I've been with some really great guys to be completely honest (and some not so great guys) who I have blindly let convince me that they're here for the long run. What I've experienced is that they're never ready to be committed and to selflessly give or accept love... at least not like the love I have to offer. Men tend to think that they're ready for a lasting relationship and for a forever love, but they back out. I think guys love the idea of me like I love the idea of being loved. They love my aesthetic but can't handle my truth, my mind, my power, my divinity, my softness, my fears, etc. I'm not mad though. It hurts like hell to allow myself to be soft and unguarded, just for somebody to come in and steal my peace. It hurts to let the wrong people in and then it hurts to be so angry with myself when I realized that I messed up again. It hurts to give beautiful pieces of yourself to beautiful people who just don't deserve your heart. I need to stop expecting that people will be here forever, but is that really the case? Is it fair to me to only allow myself to expect the minimum because it's what I've experienced in the past? I'm not quite sure. By expecting less, I no longer allow myself to give and to be myself due to past transgressions.

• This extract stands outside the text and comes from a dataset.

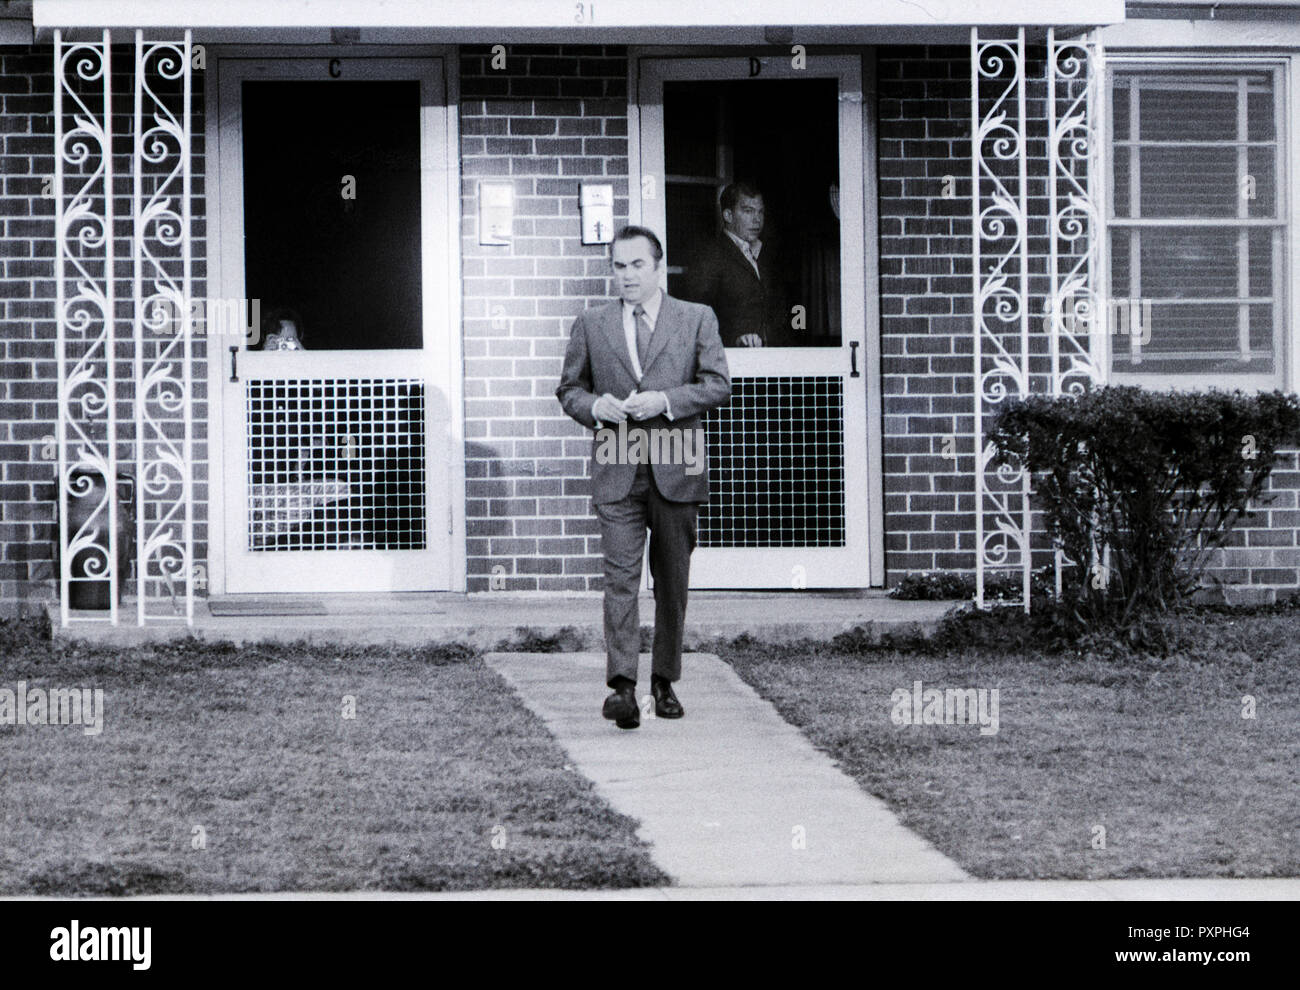 Lt. William Calley peers from his door as Alabama Governor George Wallace leaves after a visit to Calley who is currently under house arrest on post at Ft. Benning, Ga.. William Laws Calley Jr. is a former United States Army officer convicted by court-martial of murdering 22 unarmed South Vietnamese civilians in the My Lai Massacre on March 16, 1968, during the Vietnam War. Calley's next door neighbor snaps a photo of the governor's departure. Stock Photo

Yes, I've lied to myself, but because I've been lied to and my emotions have been toyed with. My mind has been manipulated. My heart has been pulled on, but I don't think I should have to expect fewer good things or give up on the idea of being loved and treated well because the right man hasn't stepped up and taken his place in my life.
I lied to myself about forever. I lied to myself about truly feeling loved because of a desire. I lied to myself about peace because I was busy protecting somebody else's in hopes that they would do the same for me. Now, I'm ready to treat myself and love myself more than I can ever expect another person to.